Mi manchi. Come sta andando la terapia?

Mi venne un sorriso spontaneo. «È il tuo ragazzo?», mi chiese Jacob.
«Sì. Si chiama William. Tu hai una ragazza?».
«No. Sono più uno che sta dall'altra parte».
«Puoi dirlo che sei gay. Non ti giudico mica».
«Sono gay. Mi hai scoperto». Mi misi a ridere e risposi al messaggio di William.

Mi manchi anche tu. La terapia sta andando bene, ho solo un po' di nausea adesso. Ho fatto amicizia.

«Com'è essere fidanzati?». Jacob, era davvero un tipo curioso. Forse più di me.
«Non lo sei mai stato?», gli chiesi.
«No. Ho avuto una piccola storiella con una ragazza circa tre o quattro anni fa. Da lì mi sono accorto che mi piacevano i ragazzi».
«Come hai fatto a lasciarla?».
«Semplice. Dopo aver fatto sesso, gli dissi che ero gay». Mi misi a ridere.
«Povera ragazza!». Il mio telefono vibrò di nuovo.

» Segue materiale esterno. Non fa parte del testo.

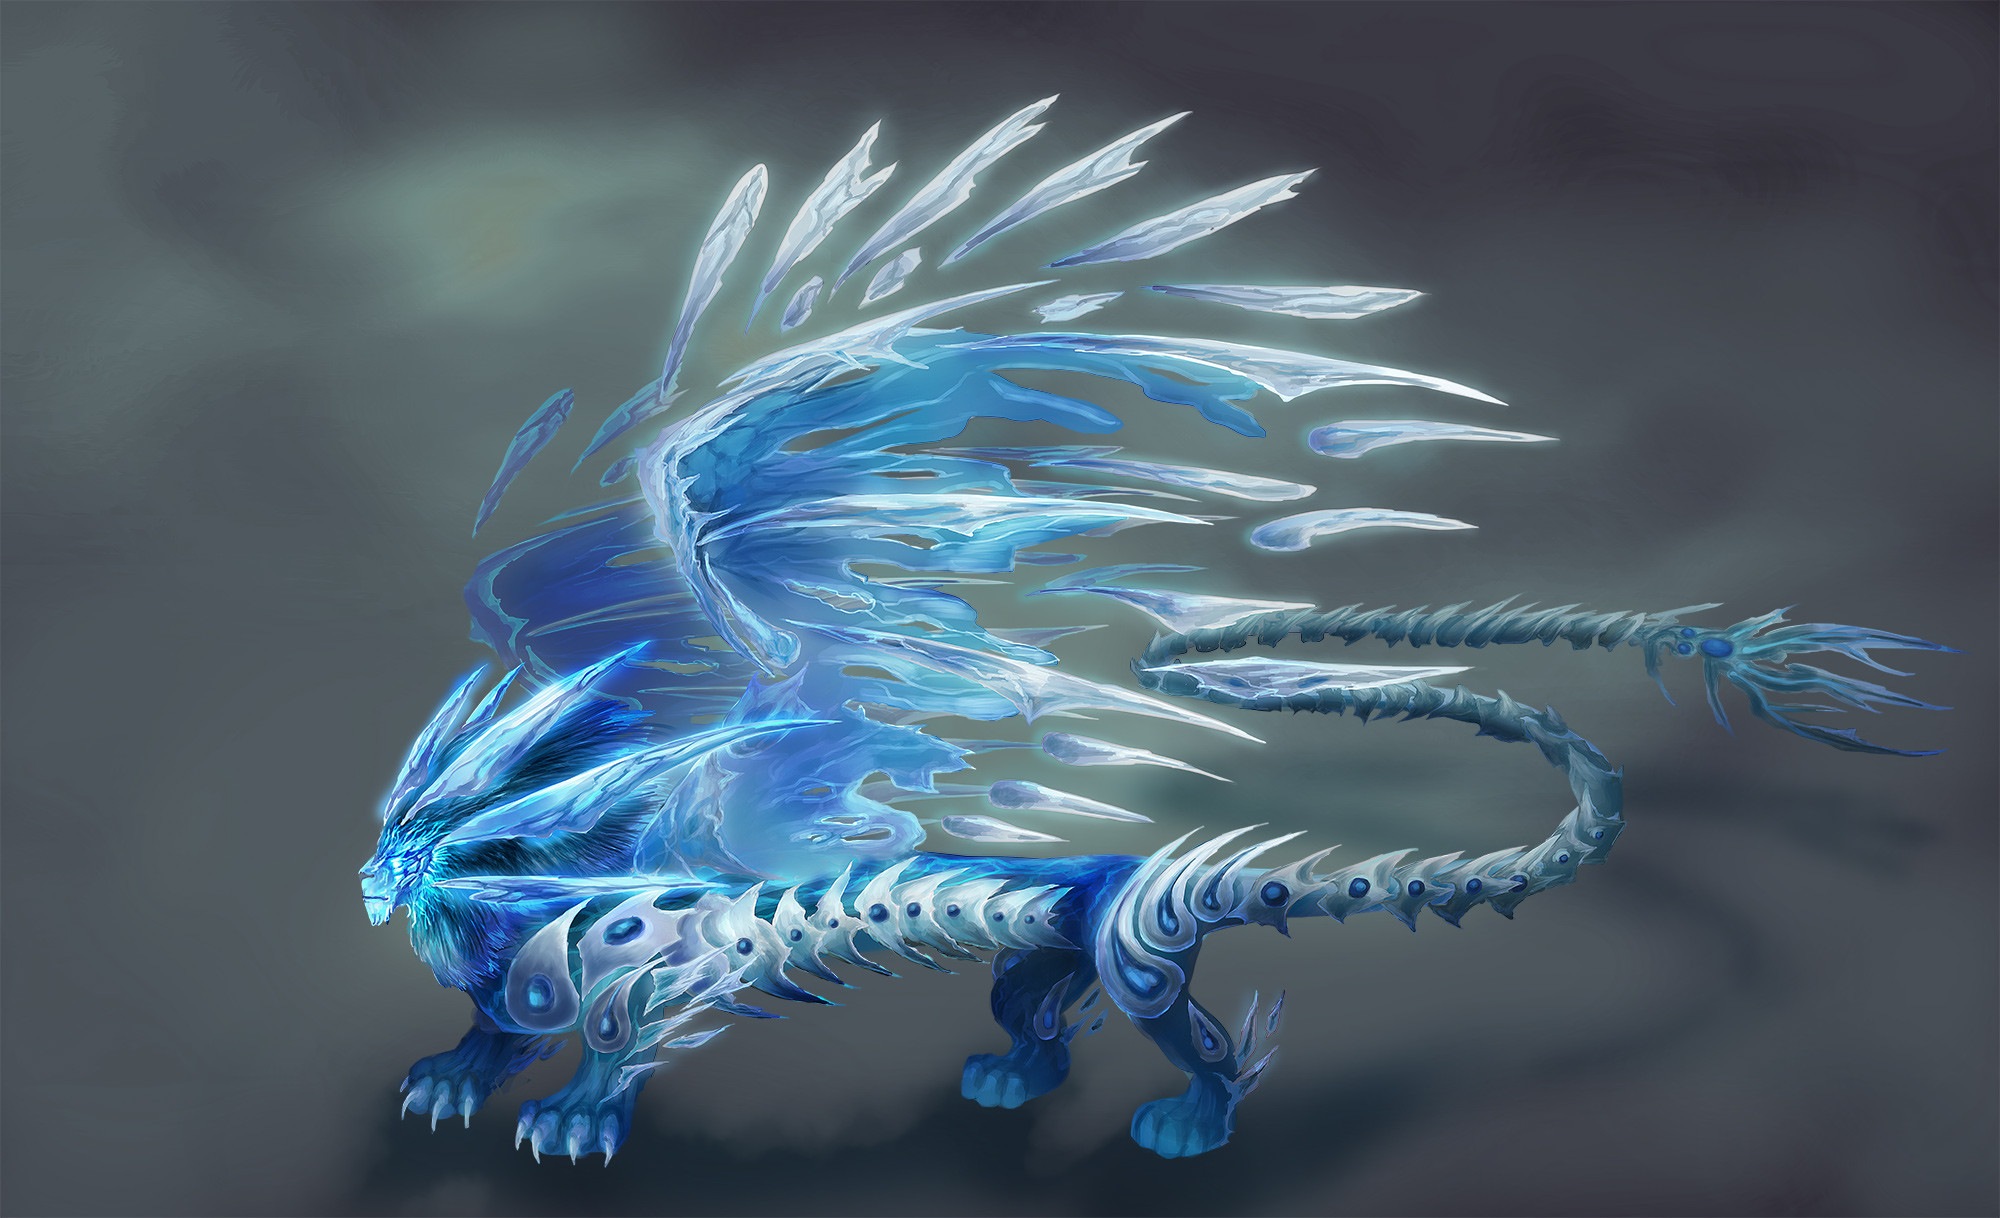 Final concept for the ice lion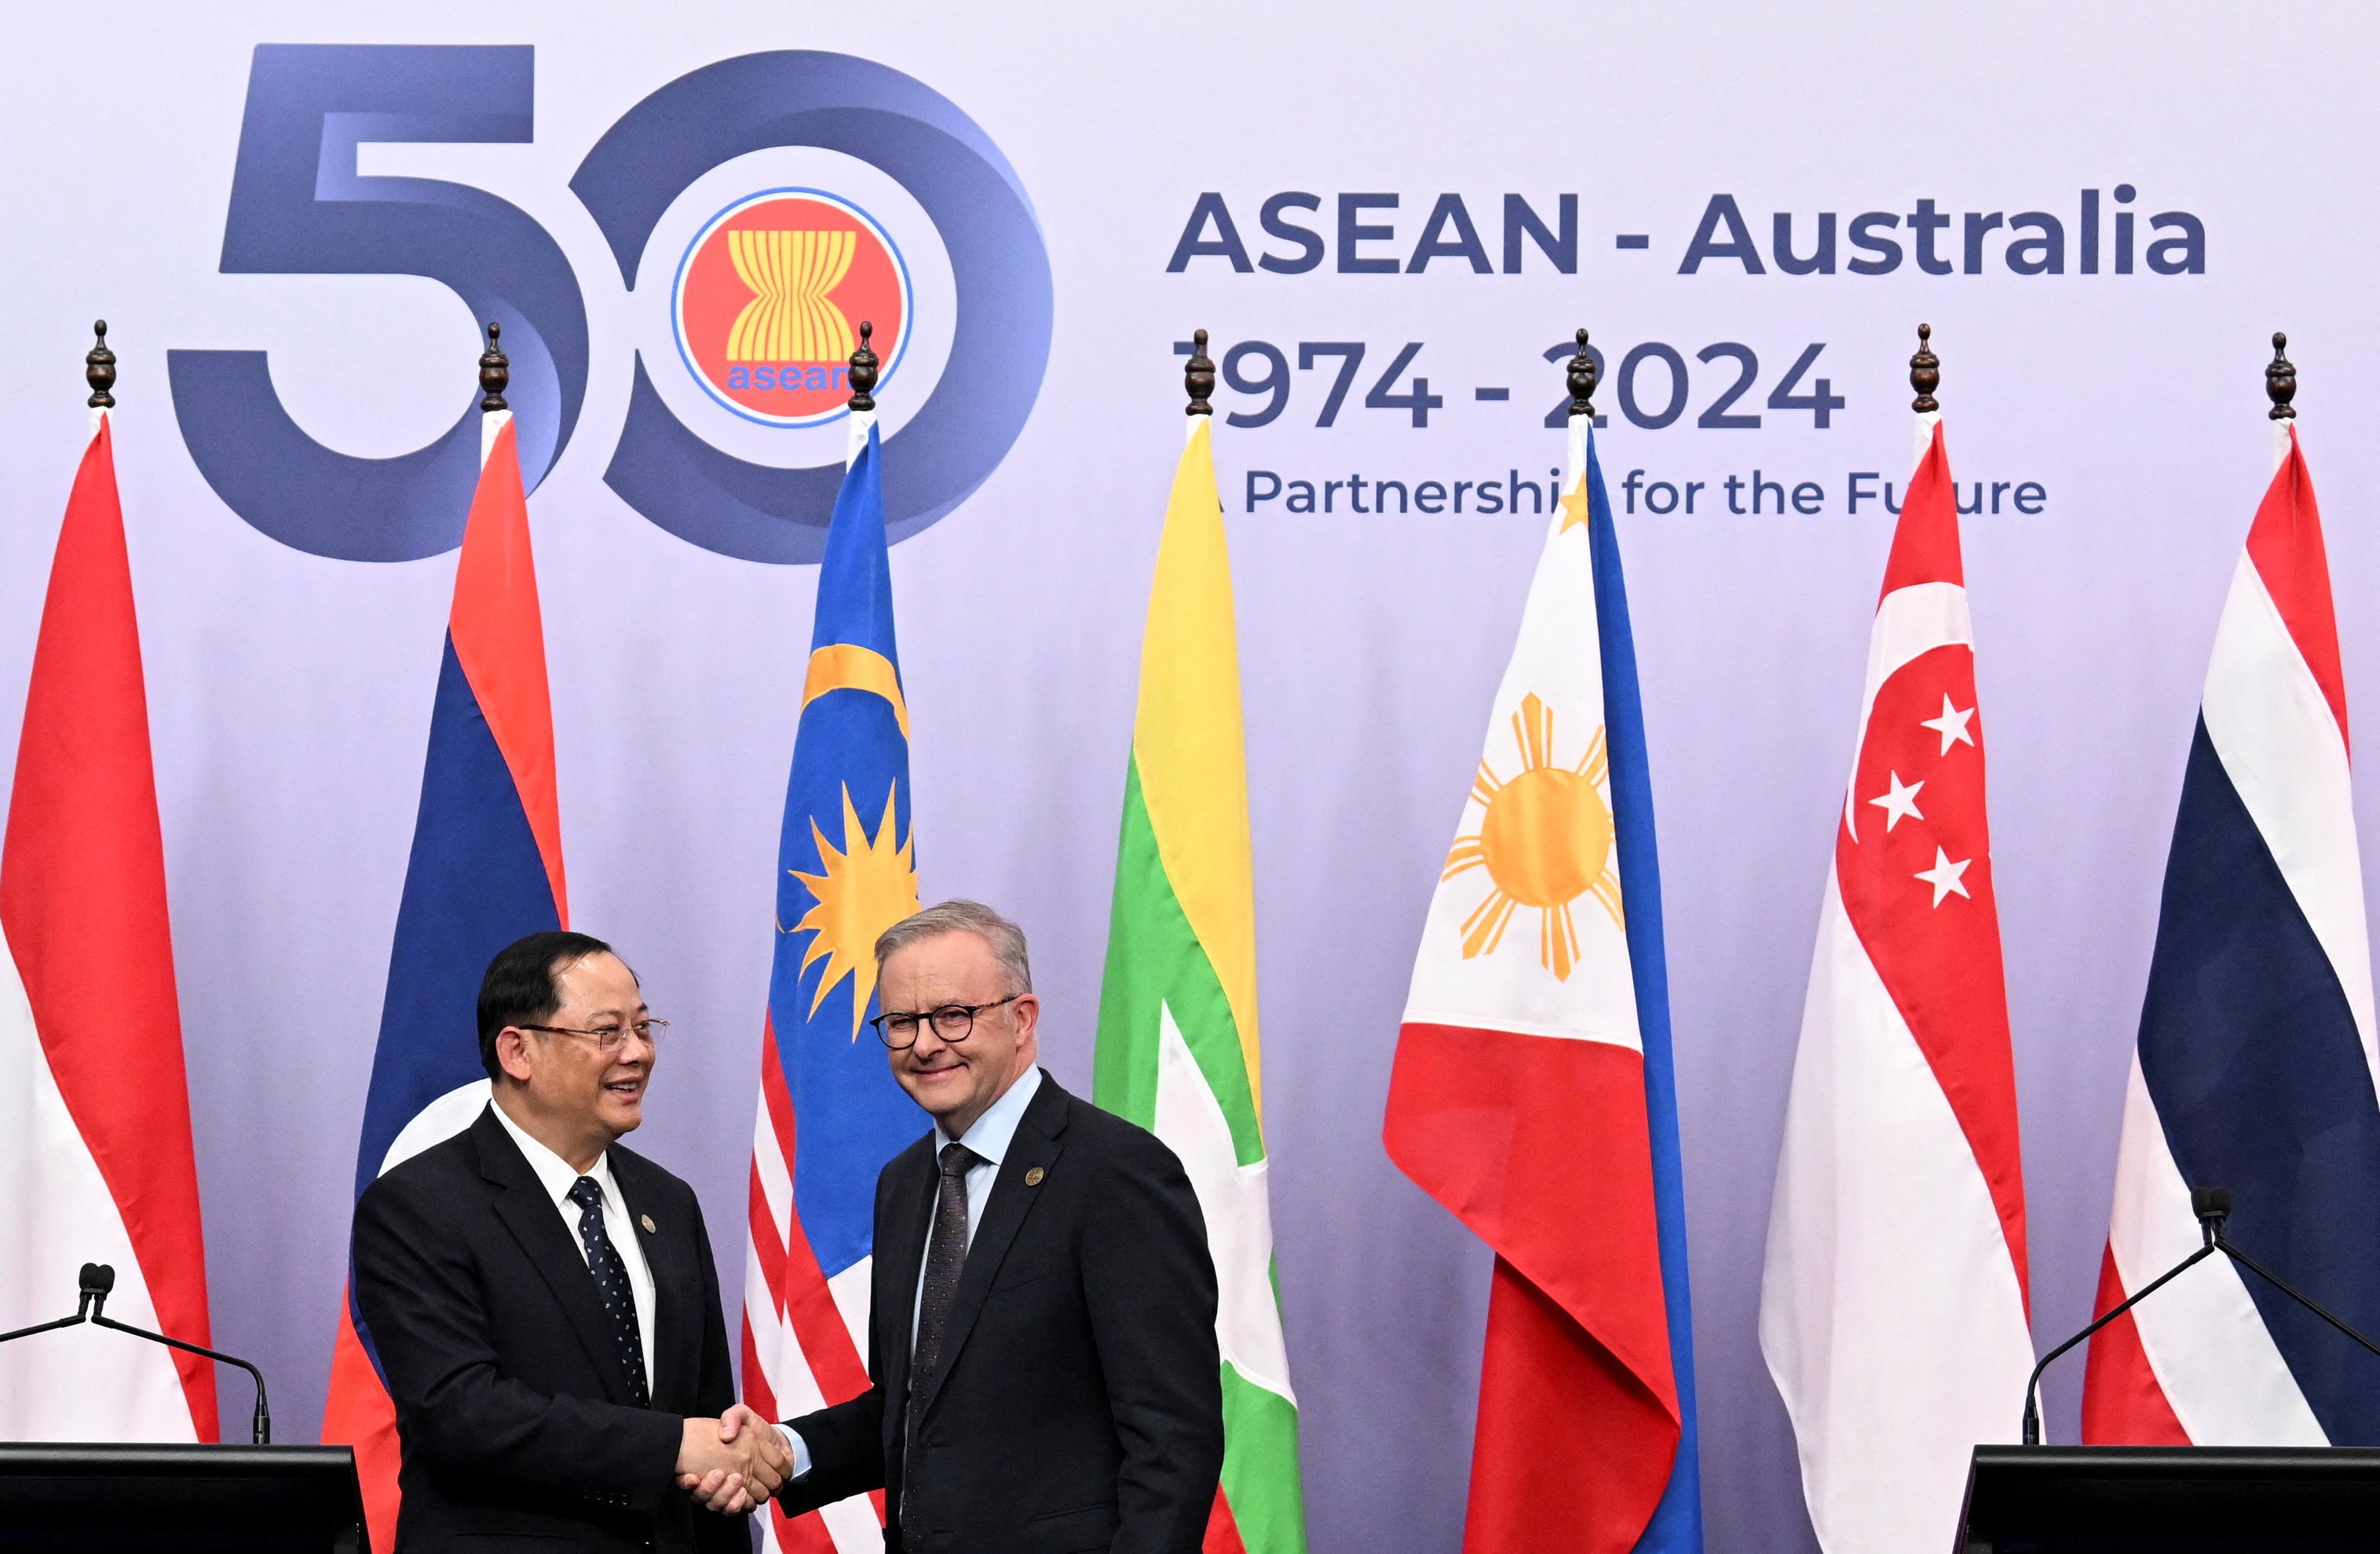 Australian Prime Minister Anthony Albanese shakes hands with Laos’ Prime Minister Sonexay Siphandone at the Asean-Australia Special Summit, in Melbourne on March 6. Photo: Jaimi Joy

Sono contento che tu abbia fatto amicizia. Poi mi racconti. Ora torno all'allenamento. Ci vediamo oggi pomeriggio a casa tua. Ti amo.

Sorrisi di nuovo.
«Sei proprio innamorata di questo ragazzo», mi disse Jacob.
«Si nota così tanto?».
«L'amore è ciò che muove il mondo principessa Diana».
Passammo tutte le due ore a parlare di qualsiasi argomento che ci passasse per la testa. Ero felice di aver fatto amicizia con lui. Era divertente e sapeva farmi ridere. Non è una cosa da tutti, in fondo.